Вдали гудел отчаянный многоголосый крик, словно граяла на отлете стая грачей. Прохор Громов остановился:

«Драка», – и он припустился на голоса прямиком, через клумбы цветов и мочажины.

– Бей!

Он треснул по голове бежавшего ему навстречу мальца. Опытным глазом забияки он быстро окинул поле битвы: на площадке, где обычно играла музыка, шел горячий бой между «семинарами» и «гимназерами». К той и другой стороне приставали мещане, хулиганы, всякий сброд.

– Ура! Ура!

– Гони кутью в болото!

– Ребята!.. Наших бьют!..

Прохор Громов выхватил перочинный нож и марш-марш за удиравшими. В нем все играло диким озорством, захватывало дух. Рядом с ним неслись кулачники, где-то пересвистывались полицейские, трещали трещотки караульных, лаяли псы.

– Полиция! – И все врассыпную. – Лезь по деревьям!..

Но буйный нож Прохора, наметив жертву, уже не мог остановиться. Прохор на бегу полоснул парня ножом.
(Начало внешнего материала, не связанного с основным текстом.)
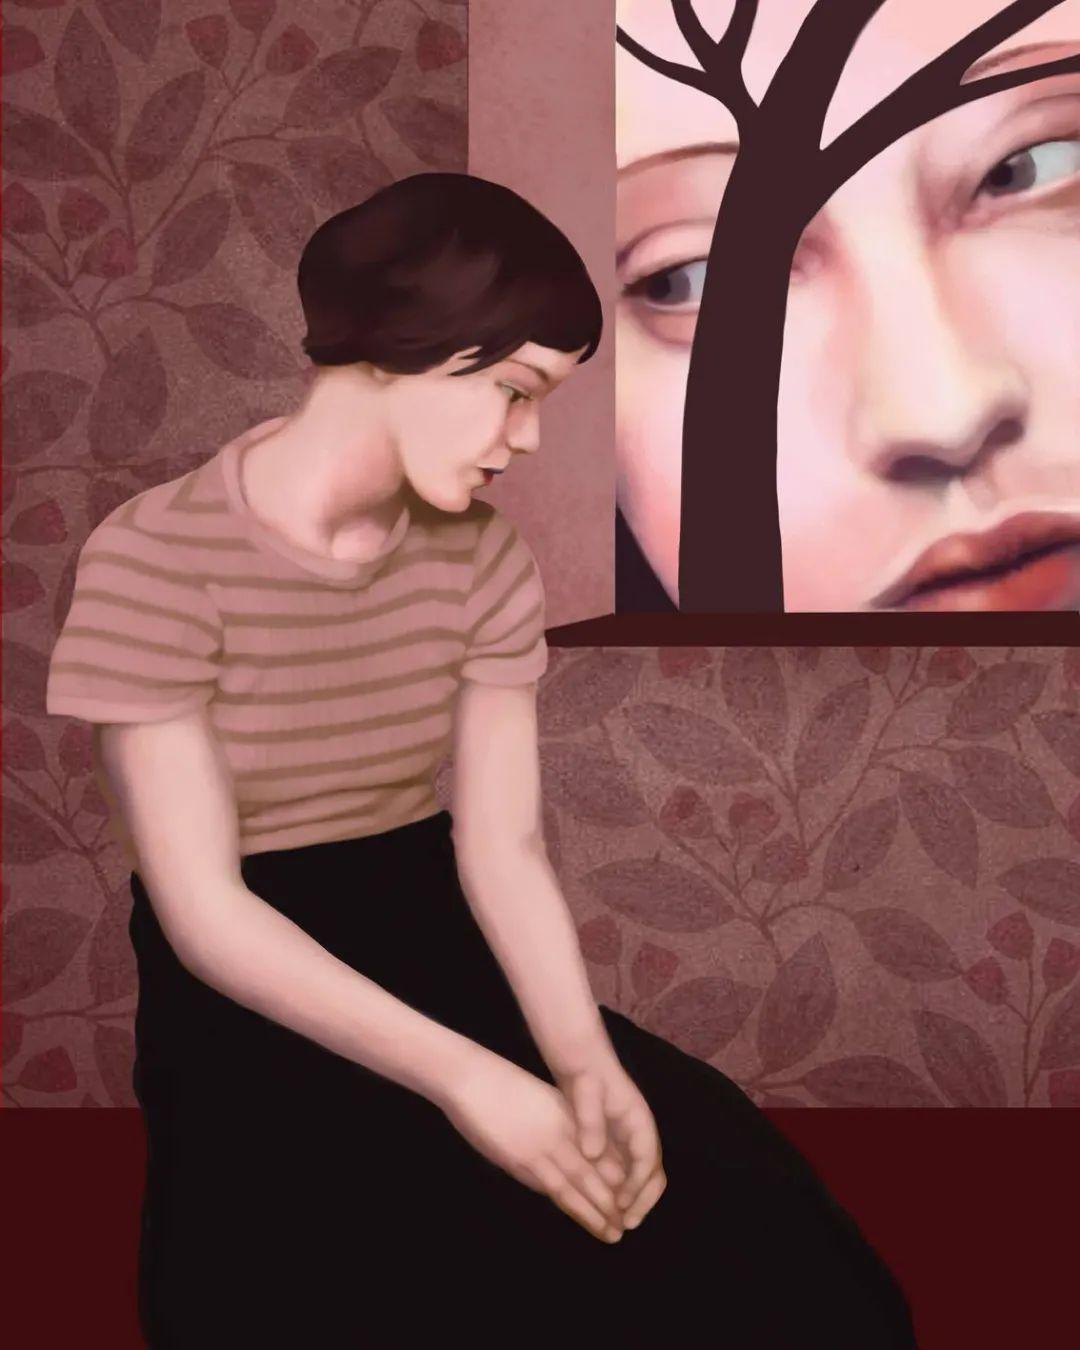 超现实的、空灵的女性形象插图77

И сразу отрезвел.

– Полиция!.. – с гамом мелькали возле него пролетающие тени. – Айда наутек!

Прохор Громов вскочил на решетку и, разодрав об железо шинель, перепрыгнул.

– Ага! Есть! С ножом, дьяволенок! – сгреб его в охапку полицейский, но он, как налим, выскользнул из рук – и стремглав вдоль улиц.

– Жулик! Имай! Держи!

Но Прохор юркнул в темный проулок, притаился. Закурил. На правой руке кровь.

«А где ж картуз?» – И сердце его сжалось. Новая его фуражка с четкою надписью на козырьке «Прохор Громов», очевидно, попала в руки полицейских. Прохор перестал дышать. Он уже слышит грозный окрик директора гимназии, видит умирающего парня, полицию, тюрьму. «Боже мой! Что ж делать?..»

– К Ибрагиму!


Да, к Ибрагиму-Оглы. Он спасет, он выручит. Ибрагим все может. И Прохор, вздохнув, повеселел.

Он отворил дверь и задержался у порога. В комнате человек пять его товарищей, гимназистов. Ибрагим правил бритву, что-то врал веселое: гимназисты хохотали.

Прохор поманил Ибрагима, вместе с ним вышел в соседнюю комнату, притворил дверь. Чуть не плача, стал рассказывать. Он ходил взад-вперед, губы его прыгали, руки скручивали и раскручивали кончик ремня. У Ибрагима черные глаза загорались.

– Я за ним... Он от меня... Я выхватил нож...

– Маладэц! Далшэ...

– Я его вгорячах ножом... – упавшим голосом сказал Прохор.

– Цх! Зарэзал?.. – радостно вскричал черкес.

– Нет, ранил...

– Дурак!

– Я его тихонько... перочинным ножичком, маленьким, – оправдывался Прохор.

– Дурак! Кынжал надо... Вот, на!.. – Горец сорвал со стены в богатой оправе кинжал и подал Прохору. – Подарка!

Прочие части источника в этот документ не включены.